In this section, we prototype a conversational retrieval system. It combines the chat history with the retrieved documents to answer the question.

In [38]:
from langchain_core.messages import HumanMessage, AIMessage
from langchain_core.prompts import ChatPromptTemplate, MessagesPlaceholder

#
# Load the input document
#
loader = TextLoader("../../tensor-house-data/search/food-additives/food-additives.txt")
documents = loader.load()

#
# Splitting
#
text_splitter = CharacterTextSplitter(chunk_size=3000, chunk_overlap=0)
texts = text_splitter.split_documents(documents)
print(f'The input document has been split into {len(texts)} chunks\n')

#
# Indexing and storing
#
embeddings = VertexAIEmbeddings(model_name="textembedding-gecko")
vectorstore = Chroma.from_documents(texts, embeddings)
retriever = vectorstore.as_retriever(search_type="similarity", search_kwargs={"k": 1})

#
# Initialize new chat
#

contextualize_q_system_prompt = """Given a chat history and the latest user question \
which might reference context in the chat history, formulate a standalone question \
which can be understood without the chat history. Do NOT answer the question, \
just reformulate it if needed and otherwise return it as is."""
contextualize_q_prompt = ChatPromptTemplate.from_messages(
    [
        ("system", contextualize_q_system_prompt),
        MessagesPlaceholder(variable_name="chat_history"),
        ("human", "{question}"),
    ]
)
contextualize_q_chain = contextualize_q_prompt | llm | StrOutputParser()

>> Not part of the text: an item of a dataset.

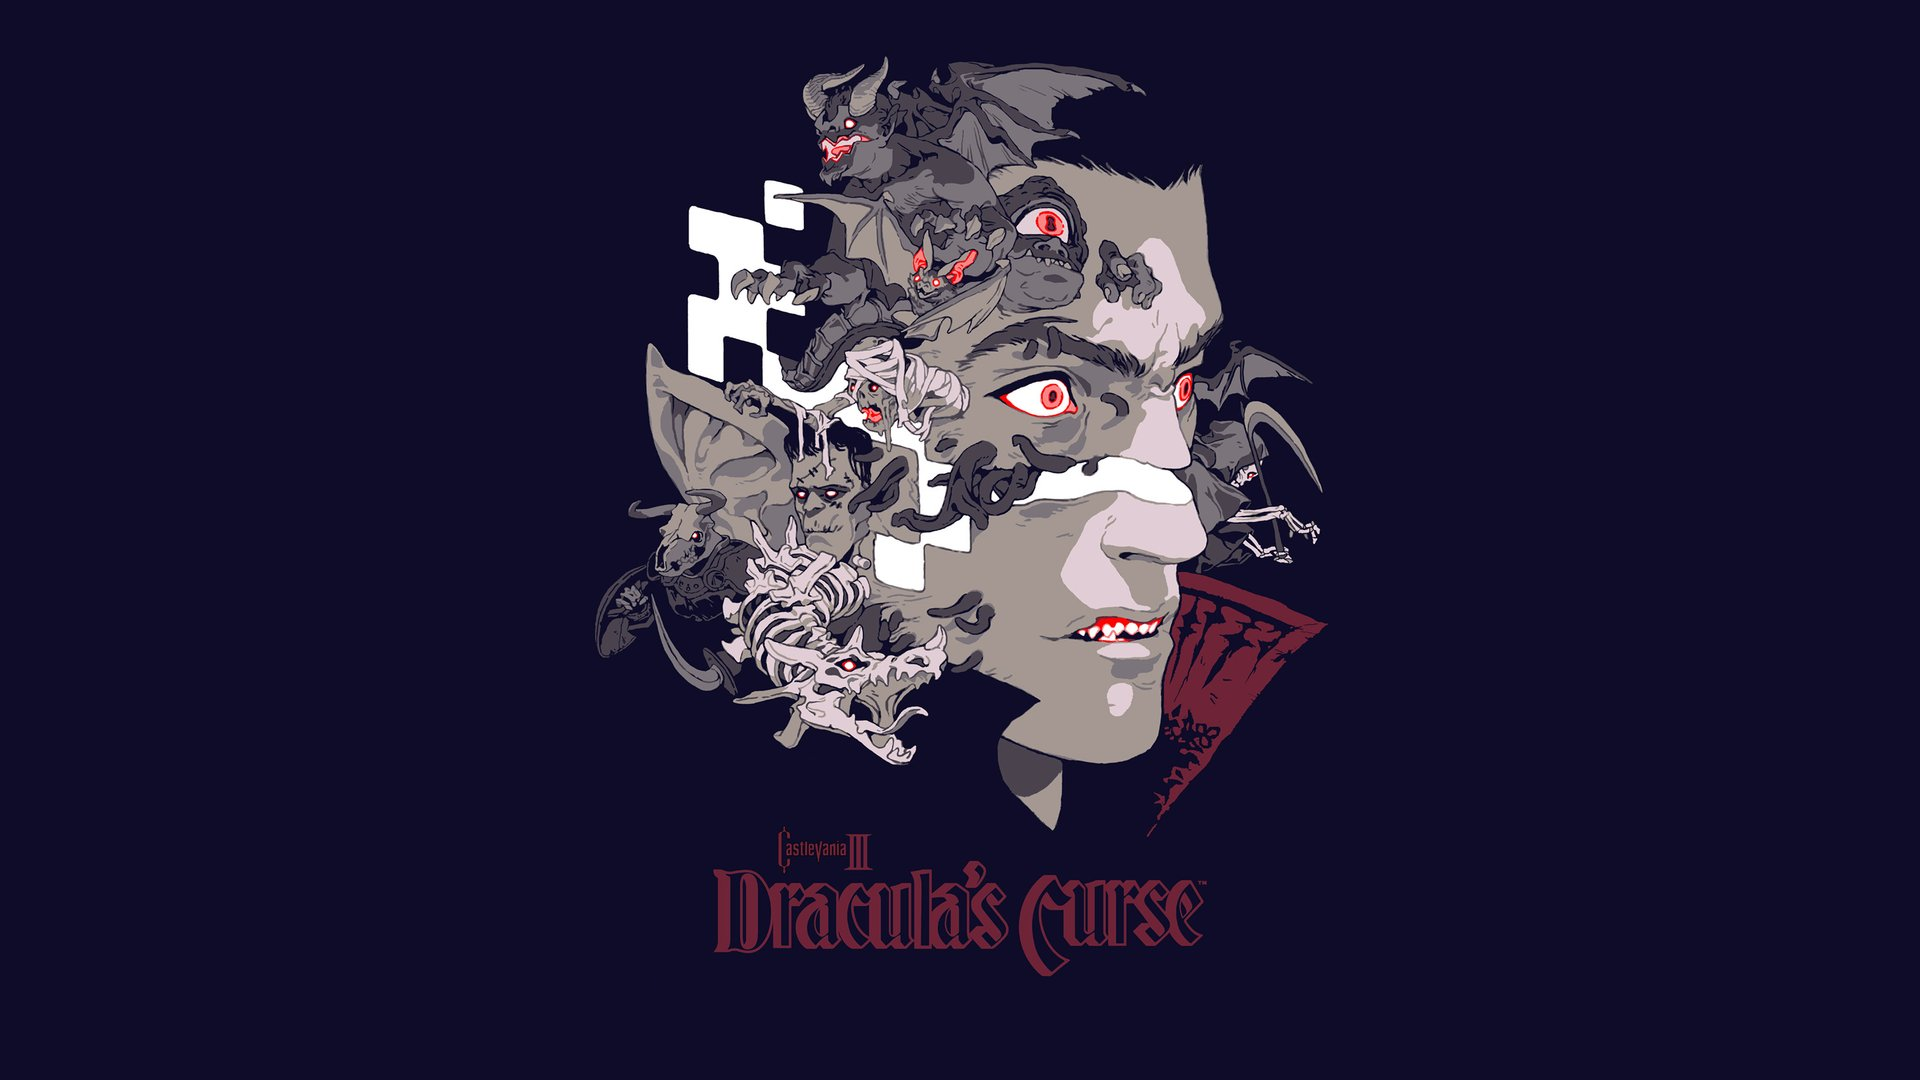 Video Game Castlevania III: Dracula's Curse HD Wallpaper | Background Image

qa_system_prompt = """You are an assistant for question-answering tasks. \
Use the following pieces of retrieved context to answer the question. \
If you don't know the answer, just say that you don't know. \
Use three sentences maximum and keep the answer concise.\

{context}"""
qa_prompt = ChatPromptTemplate.from_messages(
    [
        ("system", qa_system_prompt),
        MessagesPlaceholder(variable_name="chat_history"),
        ("human", "{question}"),
    ]
)

def contextualized_question(input: dict):
    if input.get("chat_history"):
        return contextualize_q_chain
    else:
        return input["question"]


rag_chain = (
    RunnablePassthrough.assign(
        context=contextualized_question | retriever
    )
    | qa_prompt
    | llm
)

chat_history = []

question1 = "How much times aspartam is sweeter than table sugar?"
ai_msg1 = rag_chain.invoke({"question": question, "chat_history": chat_history})
chat_history.extend([HumanMessage(content=question1), AIMessage(content=ai_msg1)])

question2 = "What is its caloric value?"
ai_msg2 = rag_chain.invoke({"question": question2, "chat_history": chat_history})
chat_history.extend([HumanMessage(content=question2), AIMessage(content=ai_msg2)])

for m in chat_history:
    print(f'{m.type}: {m.content}')

The input document has been split into 5 chunks
human: How much times aspartam is sweeter than table sugar?
ai:  Aspartame is approximately 150 to 200 times sweeter than sucrose (table sugar), making it an intense sweetener.
human: What is its caloric value?
ai:  AI: Aspartame is virtually calorie-free, as the human body does not metabolize it into energy like sugars or carbohydrates.